REQUIREMENT
Repeat the listing below word for word, minus the pictures.

SUPPLIED INFORMATION
+ + + +

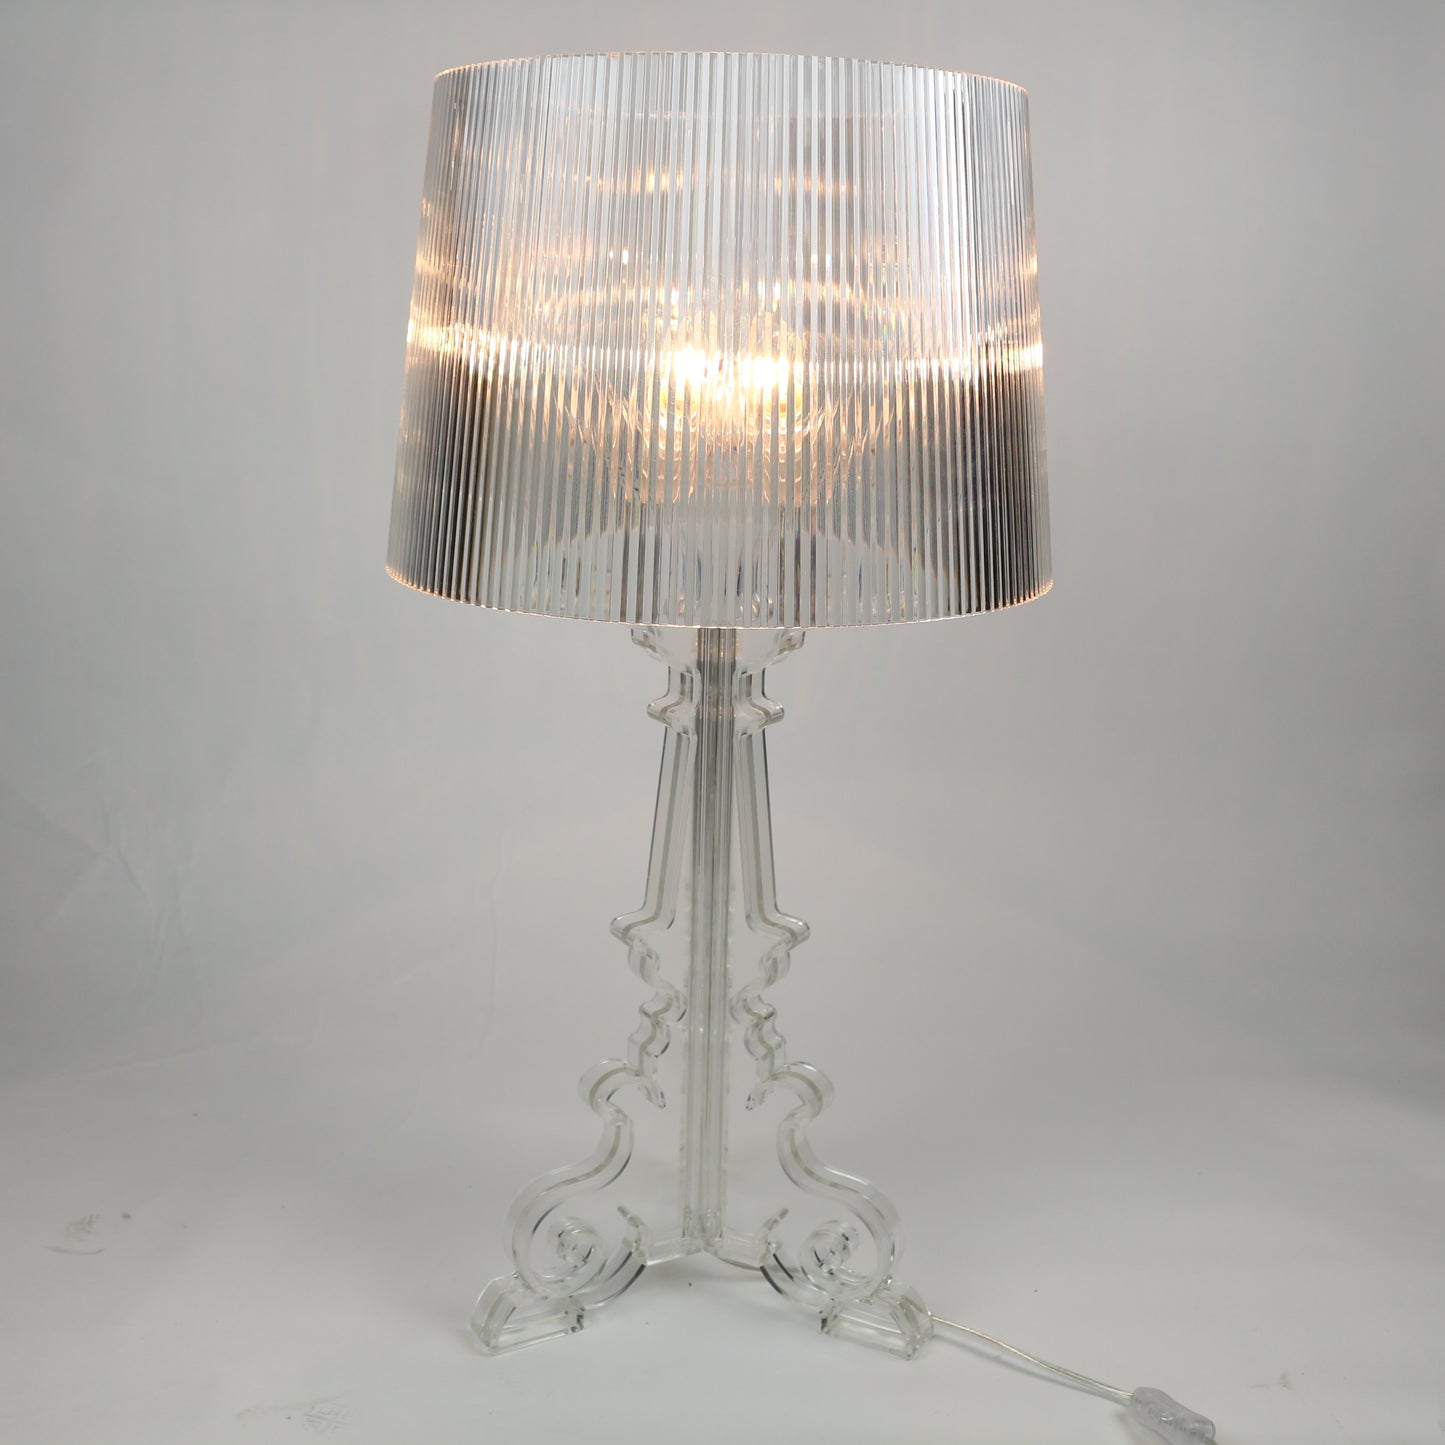 Bourgie Table Lamp bigger sizes available now
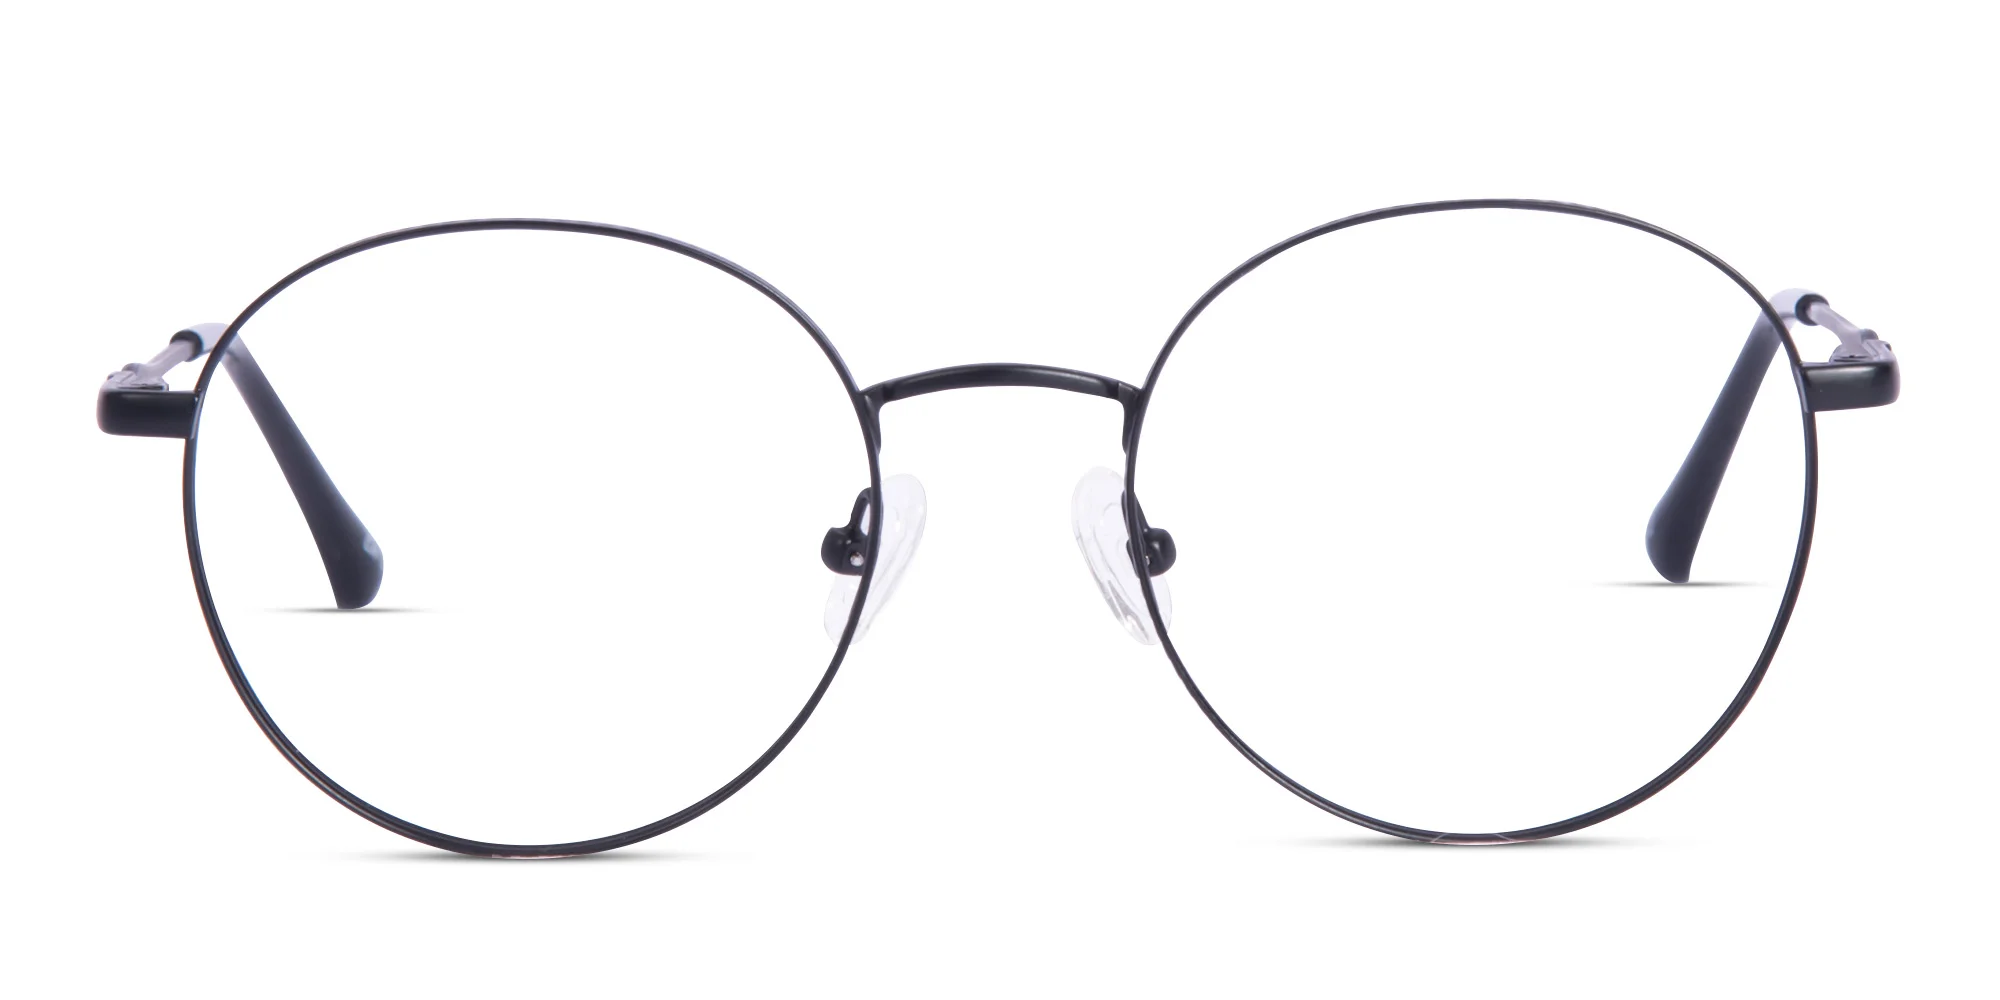 Wire Rimmed Spectacles
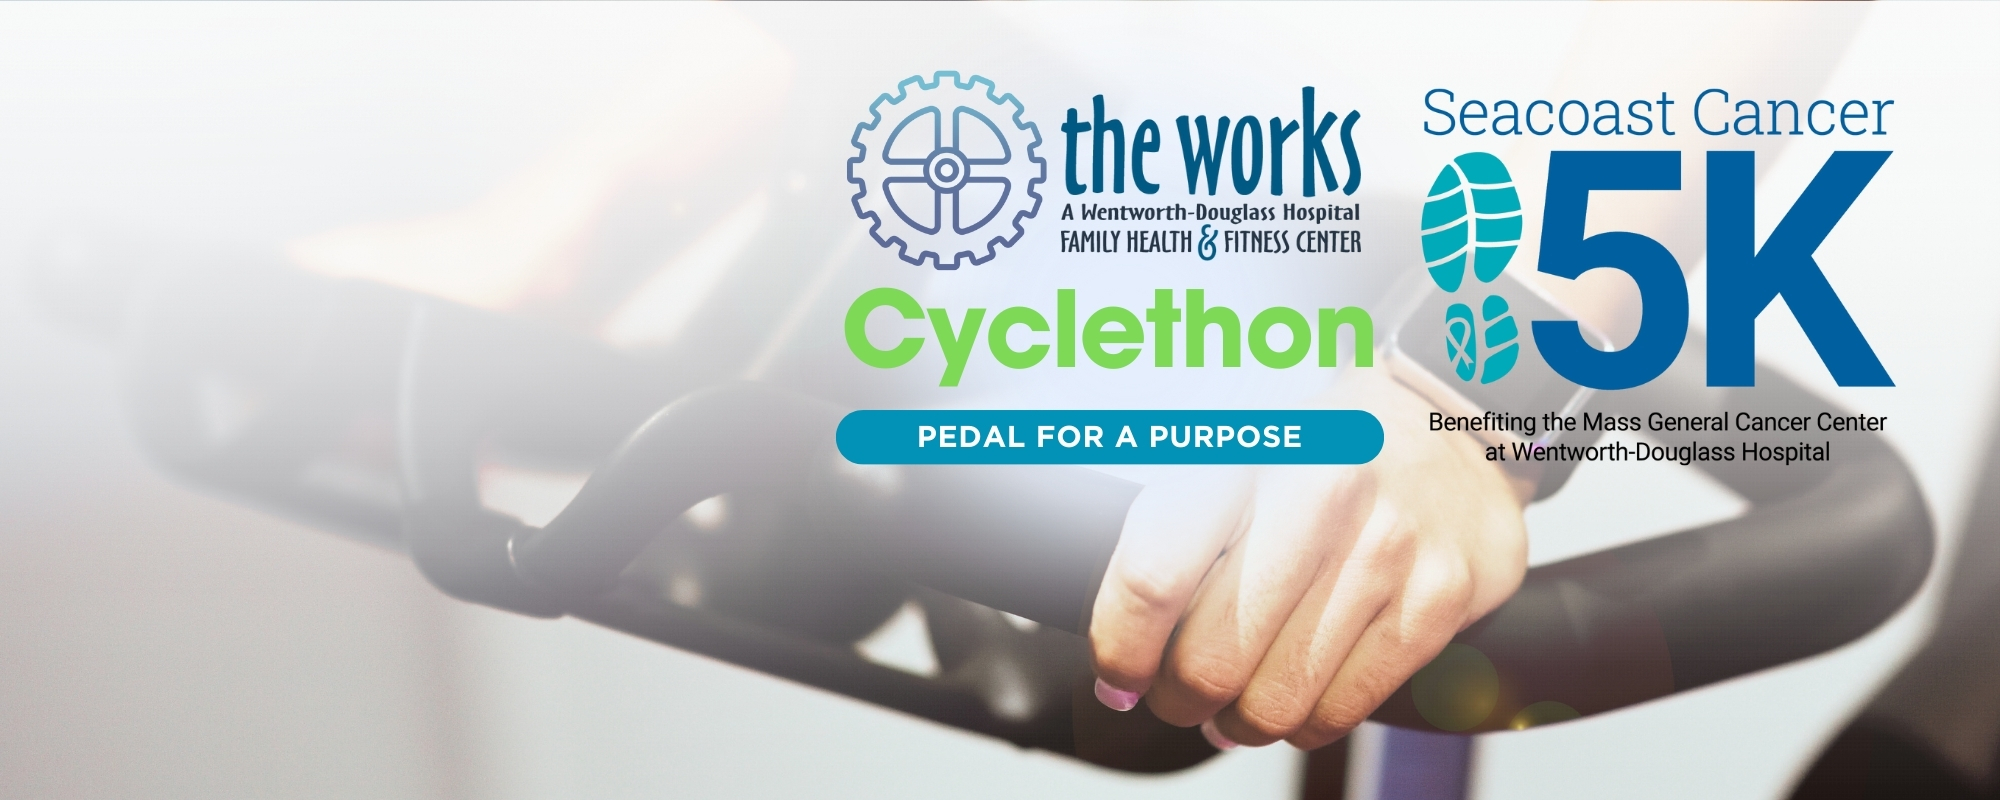 Works Logo with Cyclethon and Seacoast Cancer 5k Logo

+ + + +

TASK RESULT
 Bourgie Table Lamp bigger sizes available now
 Wire Rimmed Spectacles
 Works Logo with Cyclethon and Seacoast Cancer 5k Logo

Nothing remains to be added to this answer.